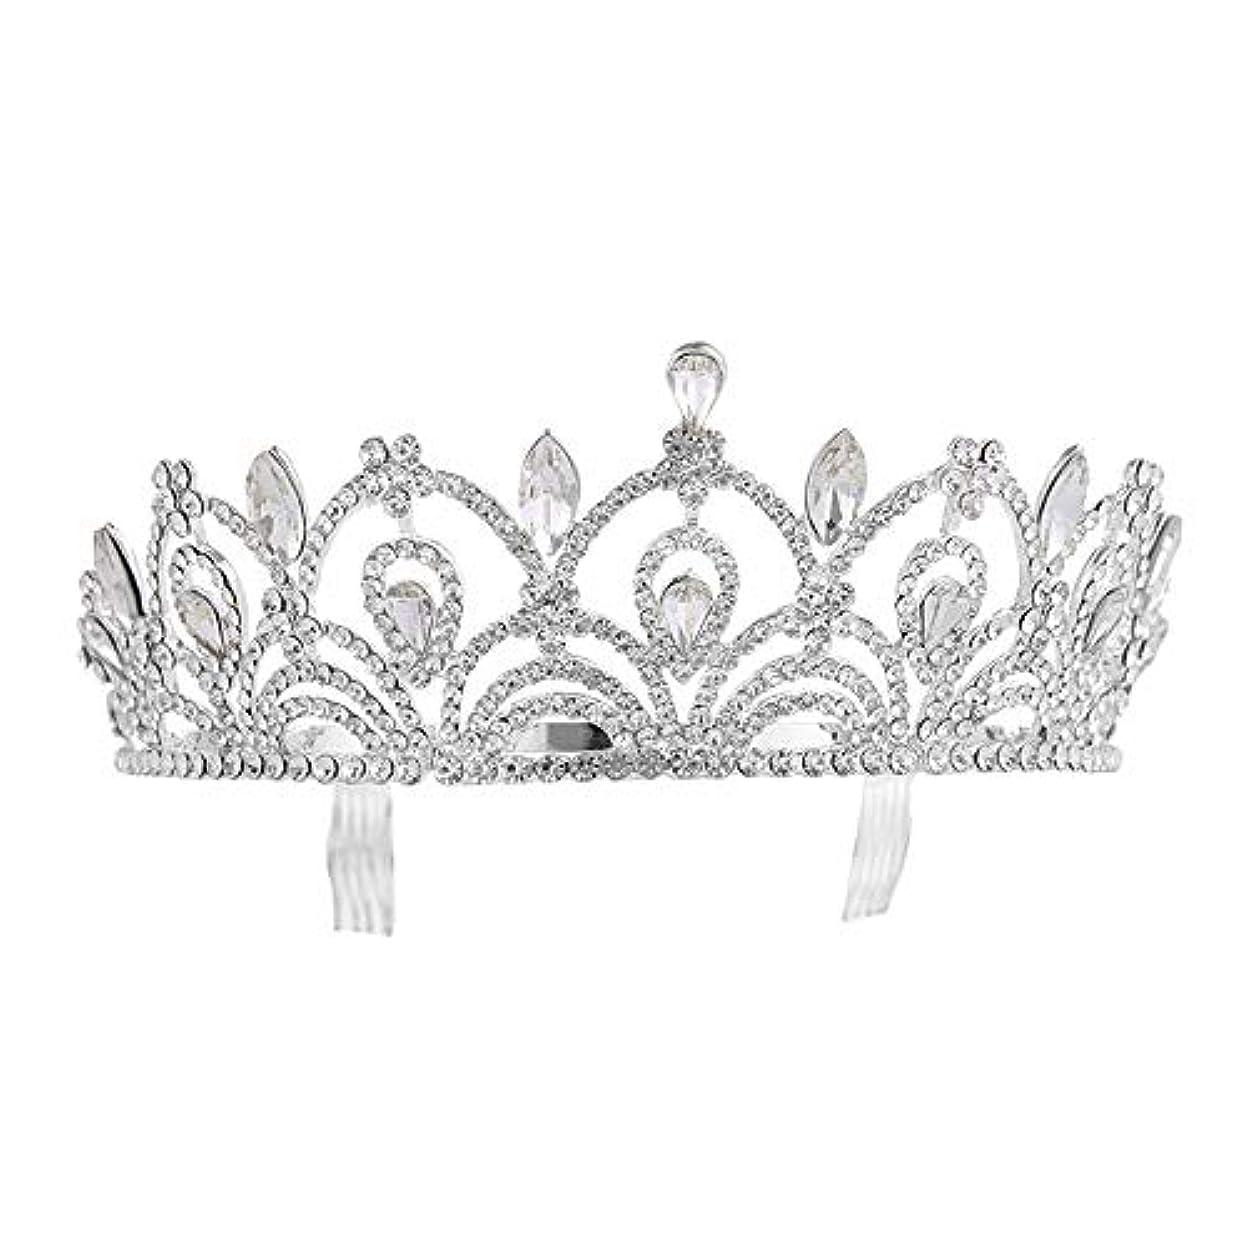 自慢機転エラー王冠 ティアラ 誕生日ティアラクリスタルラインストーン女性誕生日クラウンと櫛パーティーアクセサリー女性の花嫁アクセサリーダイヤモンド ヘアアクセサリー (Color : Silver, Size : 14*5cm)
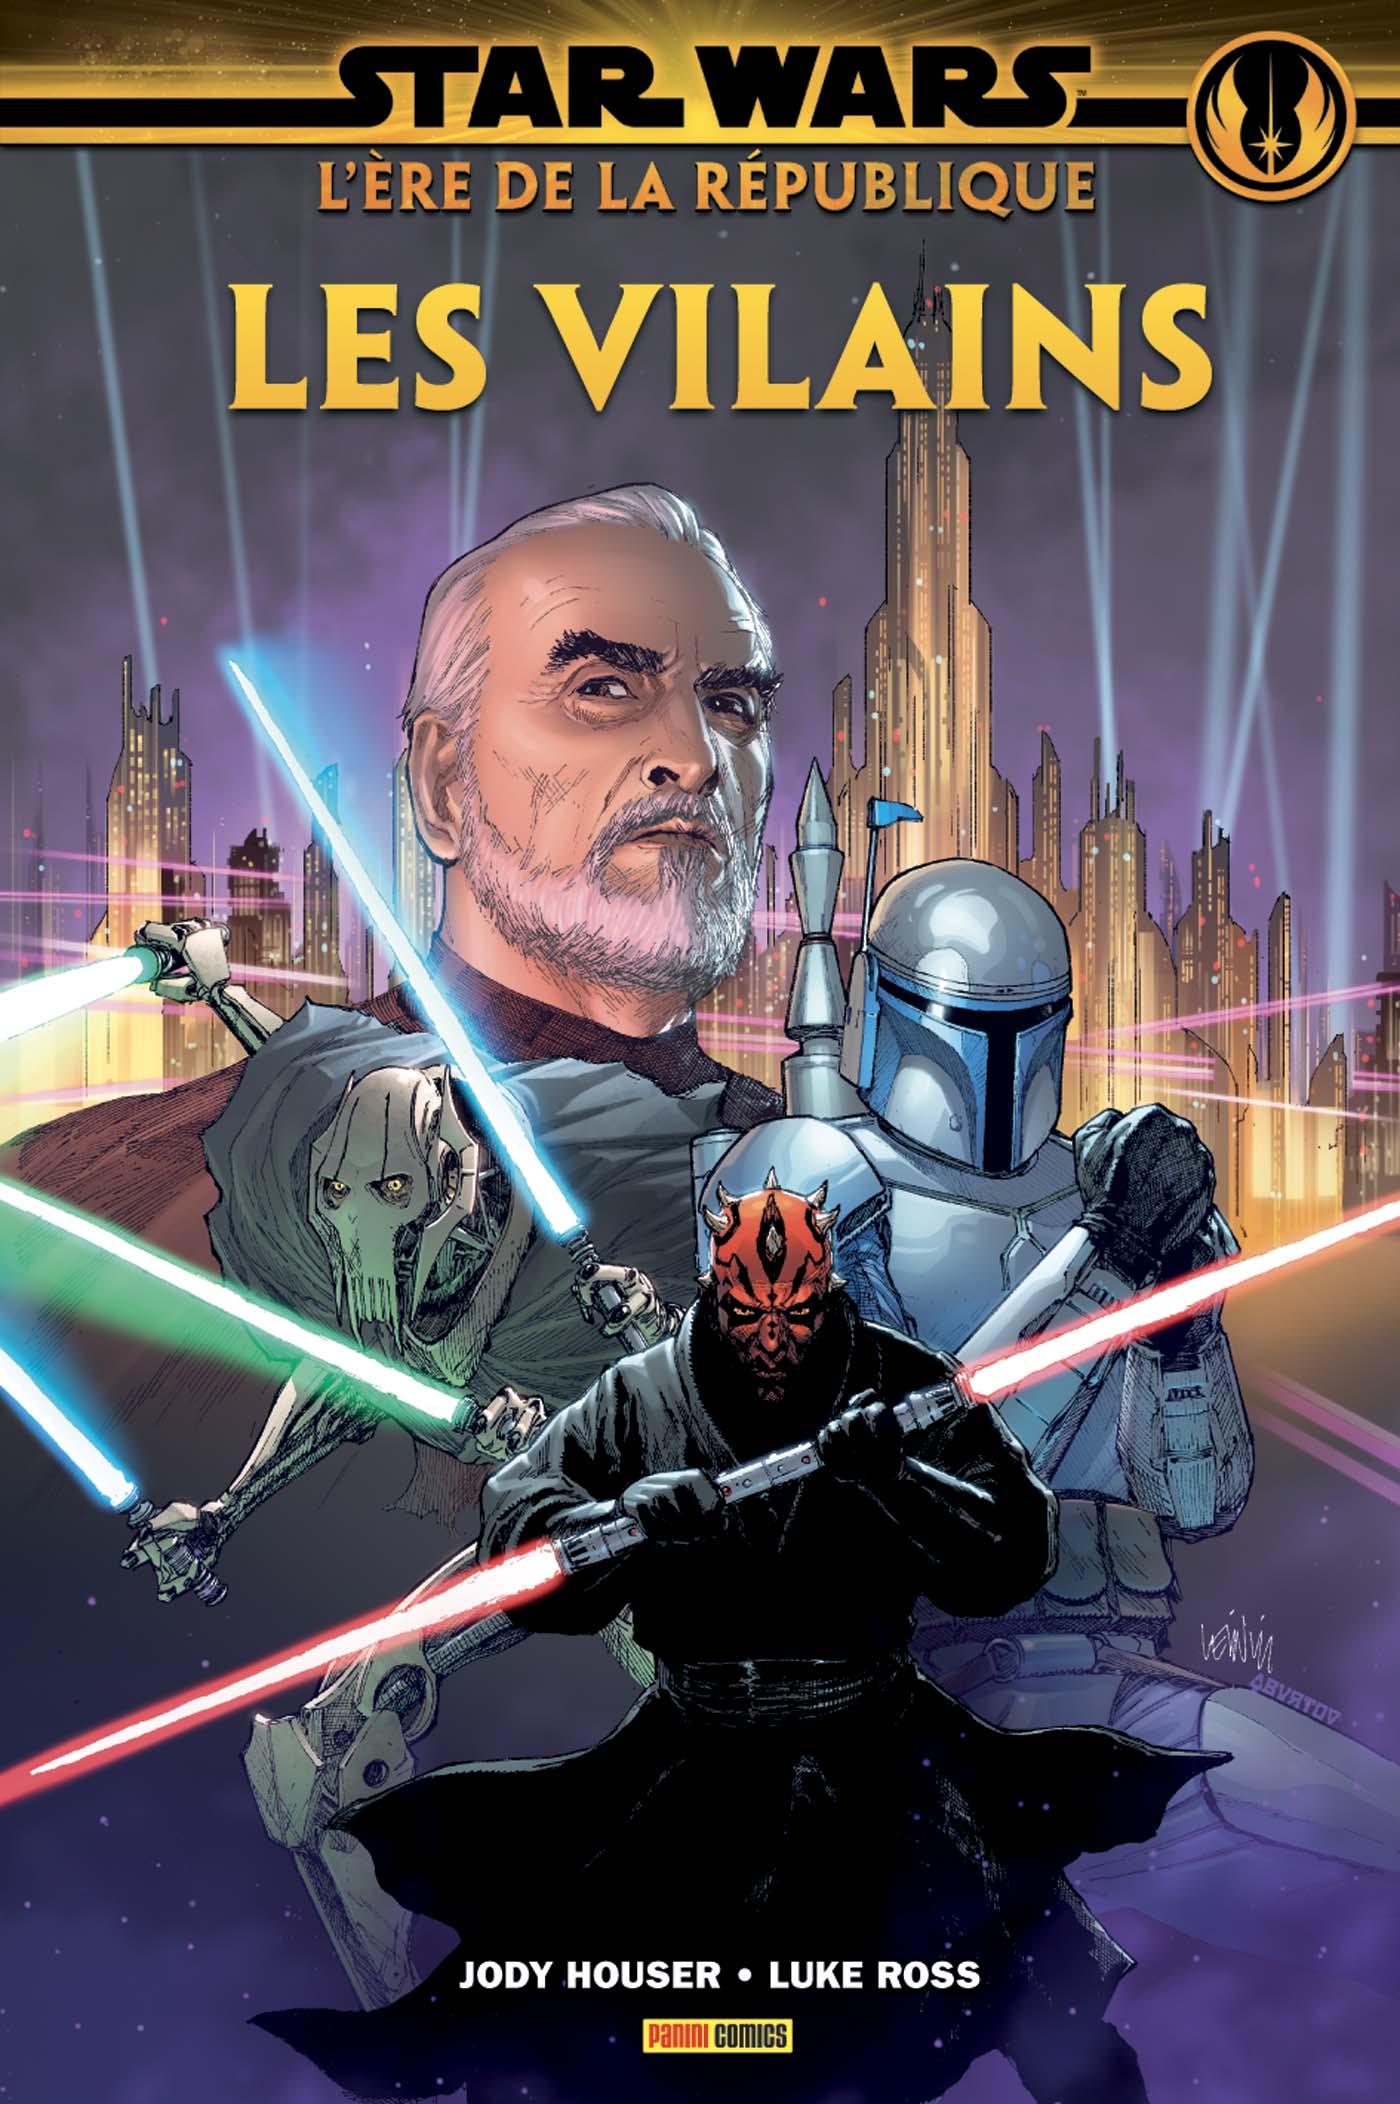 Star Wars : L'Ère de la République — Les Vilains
* * *
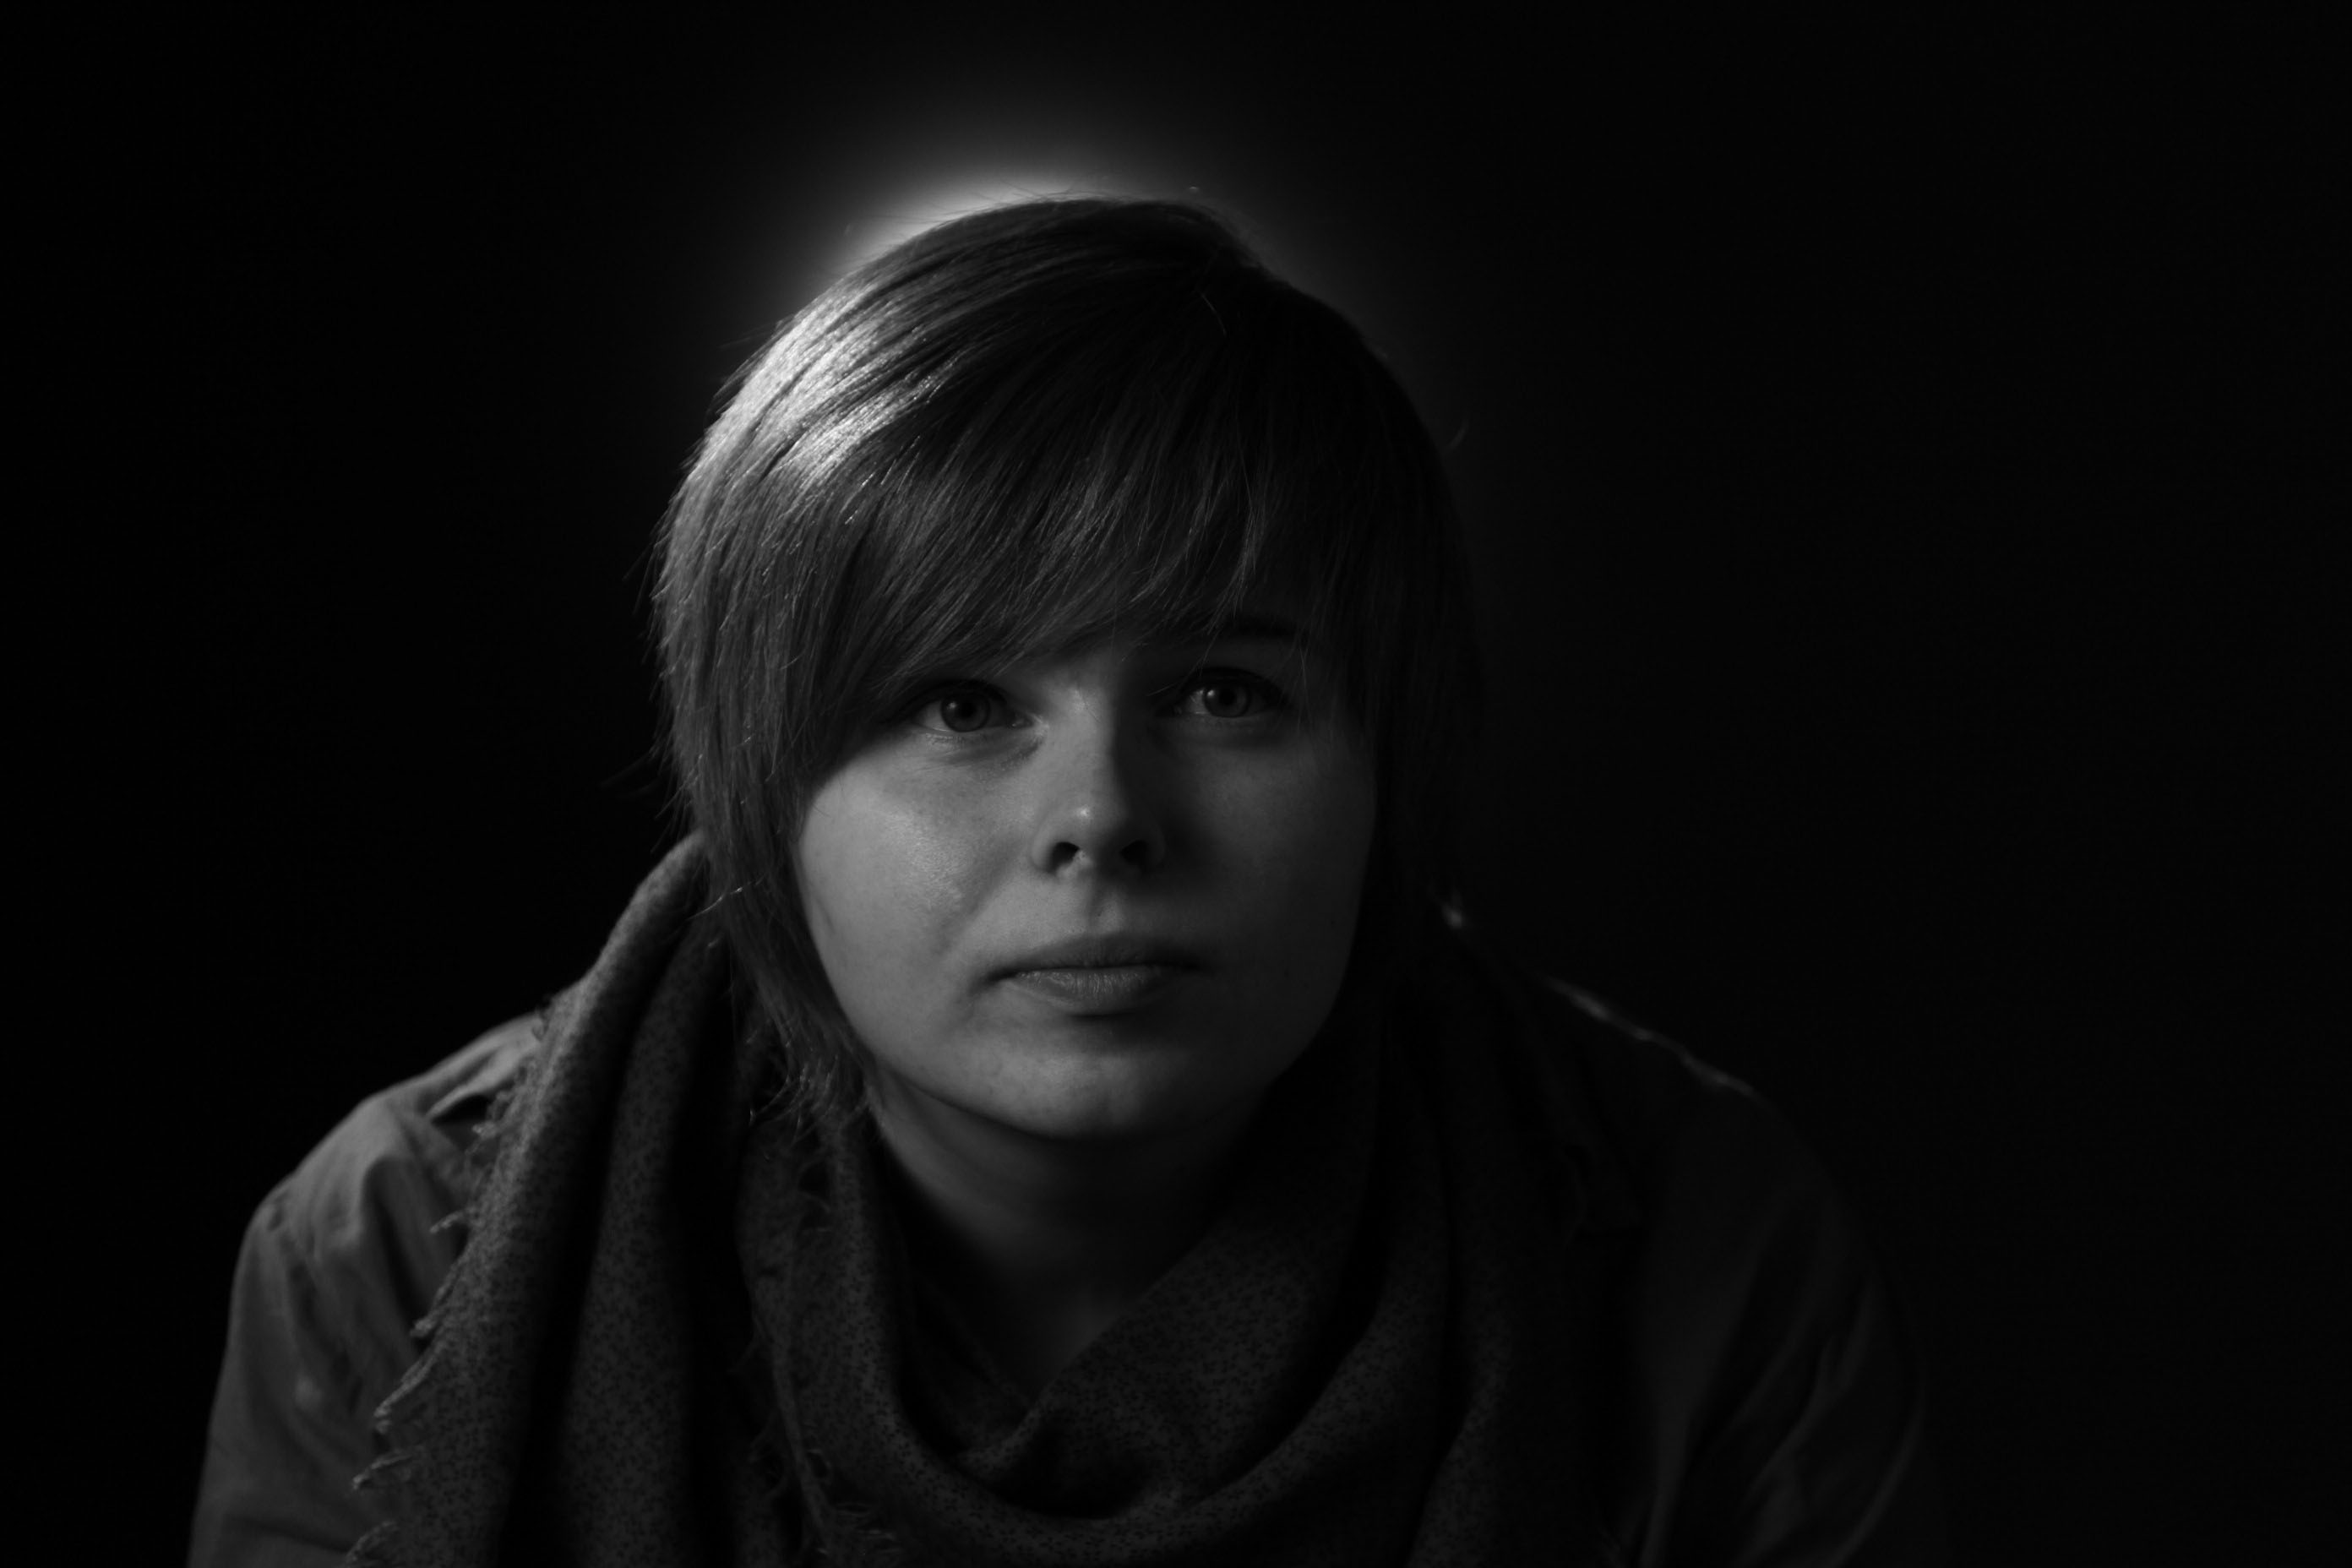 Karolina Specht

• [TASK PROMPT] In the listing above, find the line holding "Size : 14*5cm)" and the line holding "Star Wars : L'Ère". Reproduce those two lines and all between them exactly, leaving out pictures.

• [PROBLEM SOLUTION]
 自慢機転エラー王冠 ティアラ 誕生日ティアラクリスタルラインストーン女性誕生日クラウンと櫛パーティーアクセサリー女性の花嫁アクセサリーダイヤモンド ヘアアクセサリー (Color : Silver, Size : 14*5cm)
 Star Wars : L'Ère de la République — Les Vilains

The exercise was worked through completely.